Russian political activist (and former chess champion) Garry Kasparov stuck around after his Last Word appearance to discuss the state of Russia under Putin's increasingly restrictive rule.
Russian political activist (and former chess champion) Garry Kasparov stuck around after The Last Word Monday to discuss the state of Russia under Putin’s increasingly restrictive rule.
Kasparov told MSNBC’s Lawrence O’Donnell that Russia’s new anti-gay laws were not particularly surprising, given Putin’s recent political maneuvering.
“Putin’s regime…every month, every week, every day, you know, just comes up with new restrictions on freedom of Russia,” Kasparov said. ”That’s why I wouldn’t take anti-gay law as something, you know, absolutely outrageous; it was very natural.”

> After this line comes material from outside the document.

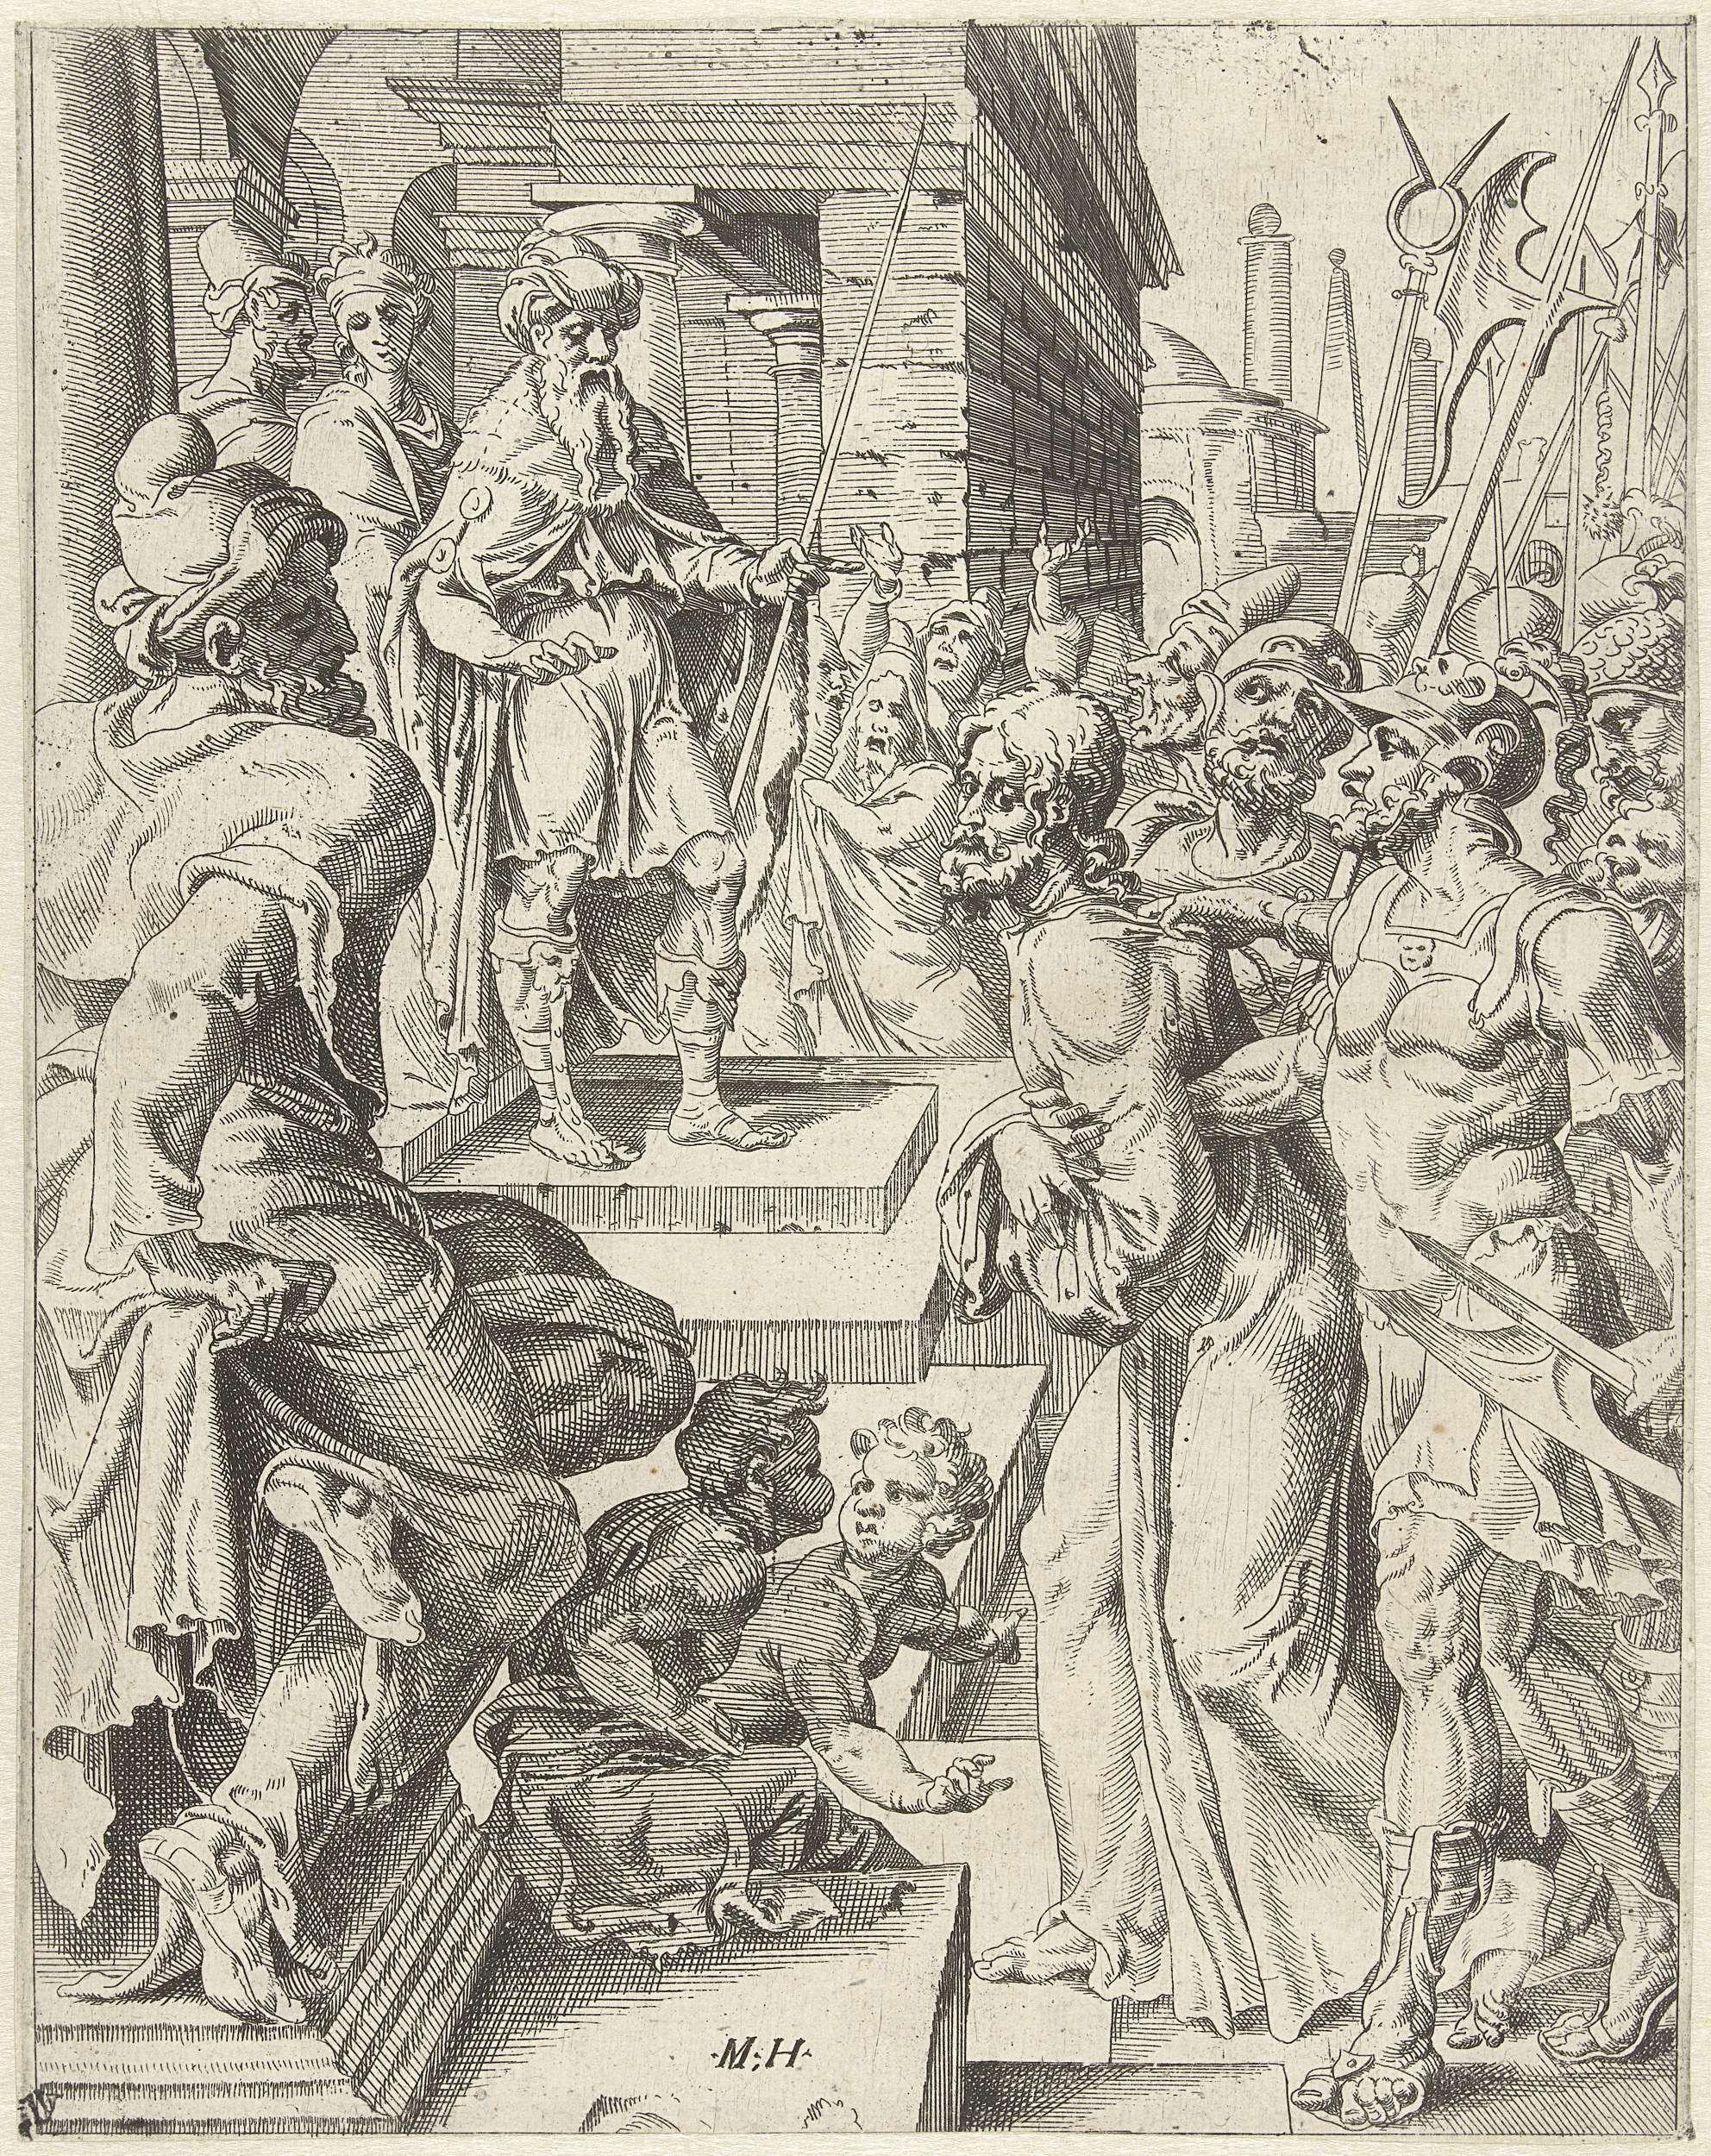 anoniem | Christus voor Pilatus, attributed to Dirck Volckertsz Coornhert, 1548 | Christus wordt voor Pilatus gebracht. De menigte schreeuwt om zijn executie. De prent is deel van een dertigdelige serie met prenten over de zondeval en Christus' passie.

Kasparov argued that Putin is playing to his “power base” of followers, consisiting mostly of older generations. Where once he tried to convey a populist message to Russia and the world at large, massive anti-corruption protests in 2011 and 2012 convinced Putin to drop those illusions.
“He knows Moscow hates him,” he said. ”He knows young people are not voting for him.”
As for the upcoming Winter Olympics in Sochi, Kasparov sees the games as a way for Putin and his friends to make money. “Anything that happens in Putin’s Russia, you have to look the prism of Putin’s buddies getting richer,” he said.
But Kasparov is against boycotting the games themselves.
“I think it’s wrong to use athletes as a shield,” Kasparov told O’Donnell. ”Many of them spent four years waiting for this big moment, so let them go there. But there are politicians who could simply boycott Putin [by] not showing up there. There are sponsors who could demonstrate their disagreement—I mean, let’s demand Coke to put rainbow flag on every can they sell there.”